### Task goal
Below this line is a listing that includes pictures. Copy exactly, and only, the lines from the one containing "お知らせ/ピンポンパンポン/アナウンスの未再生の波形" through the one containing "Sakura no Sono 4"; the pictures do not go in the copy.

### Data extract

● ● ● ● ●

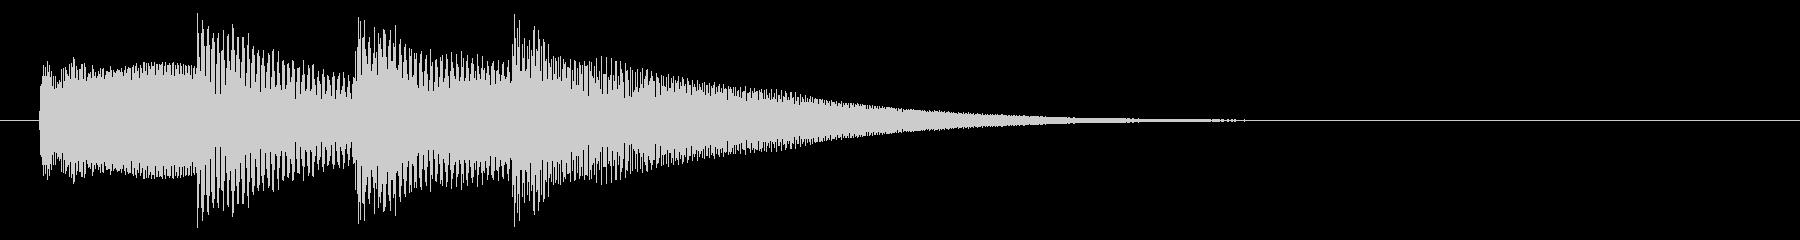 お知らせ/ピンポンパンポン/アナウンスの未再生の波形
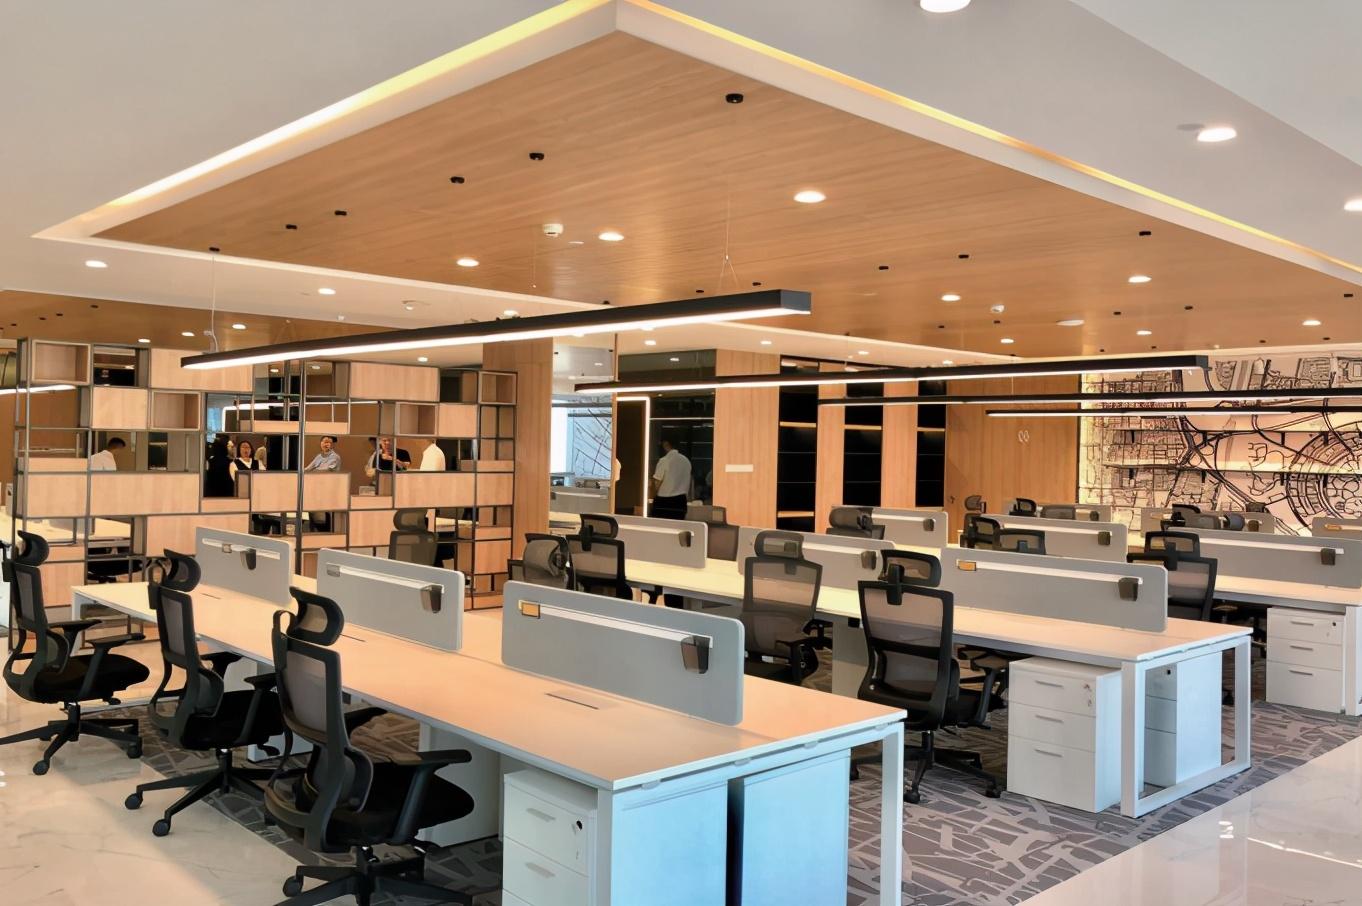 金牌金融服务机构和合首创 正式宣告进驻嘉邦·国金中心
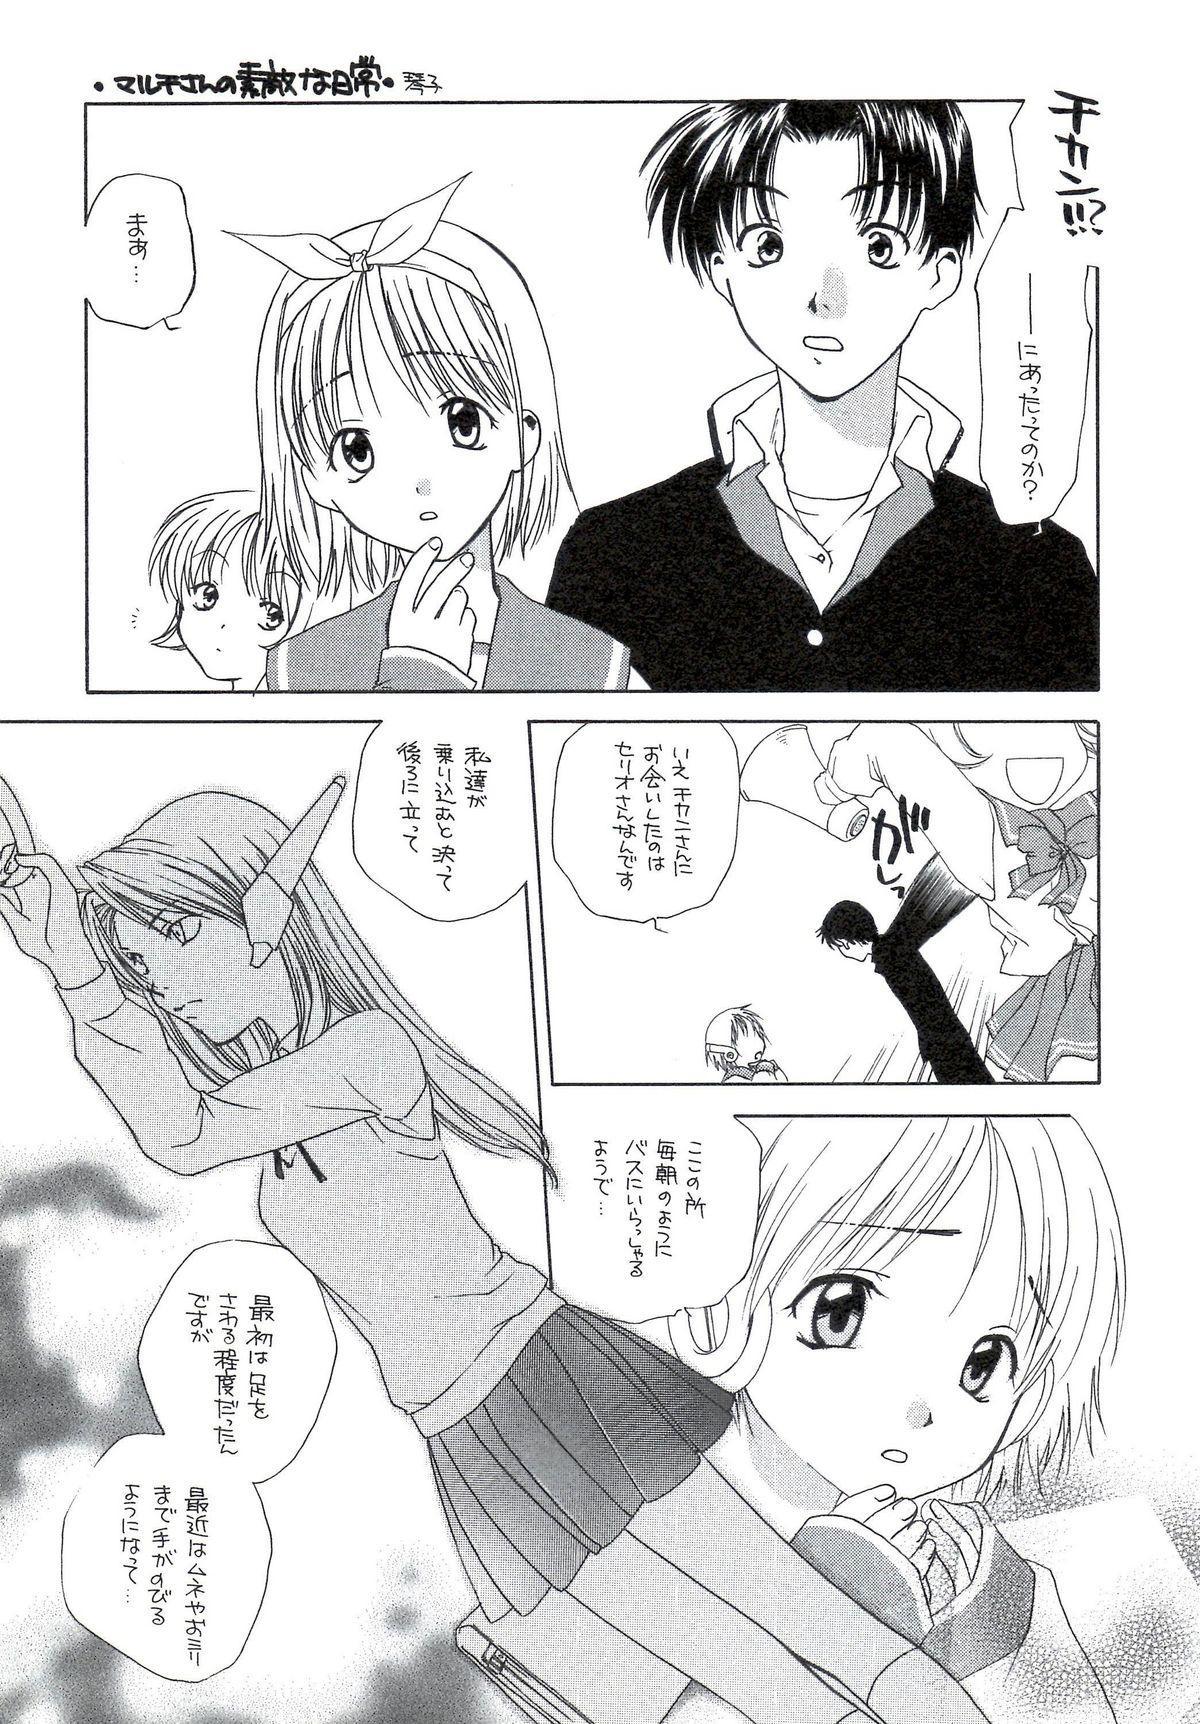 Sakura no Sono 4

● ● ● ● ●

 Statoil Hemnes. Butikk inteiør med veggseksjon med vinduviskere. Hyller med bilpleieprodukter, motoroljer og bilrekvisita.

● ● ● ● ●

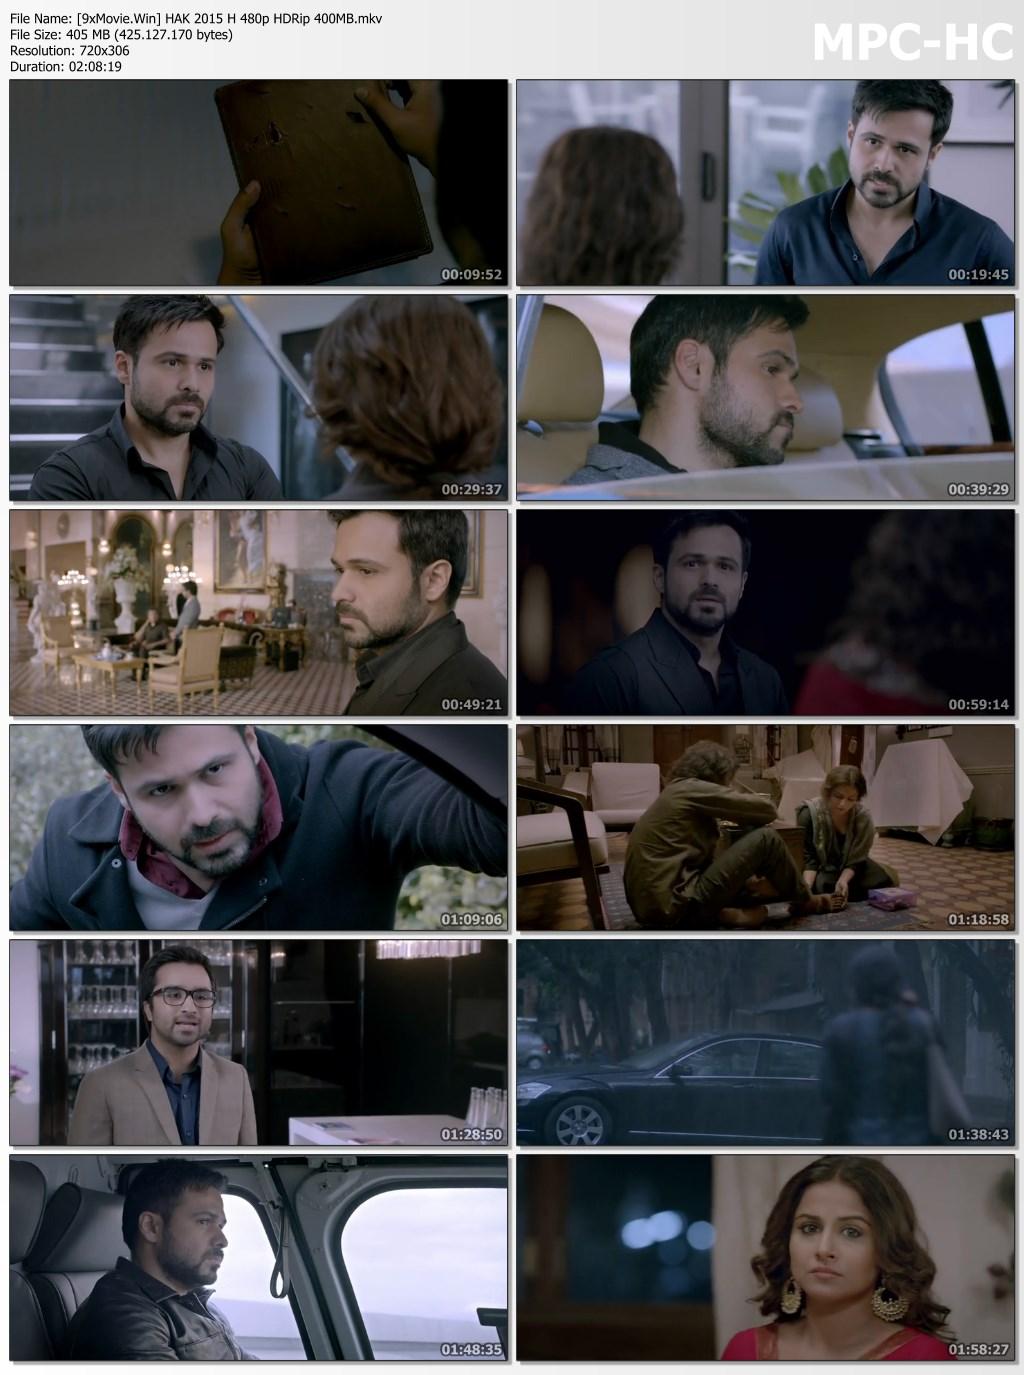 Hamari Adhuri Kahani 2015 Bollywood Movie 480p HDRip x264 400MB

● ● ● ● ●

### Response to the task
 お知らせ/ピンポンパンポン/アナウンスの未再生の波形
 金牌金融服务机构和合首创 正式宣告进驻嘉邦·国金中心
 Sakura no Sono 4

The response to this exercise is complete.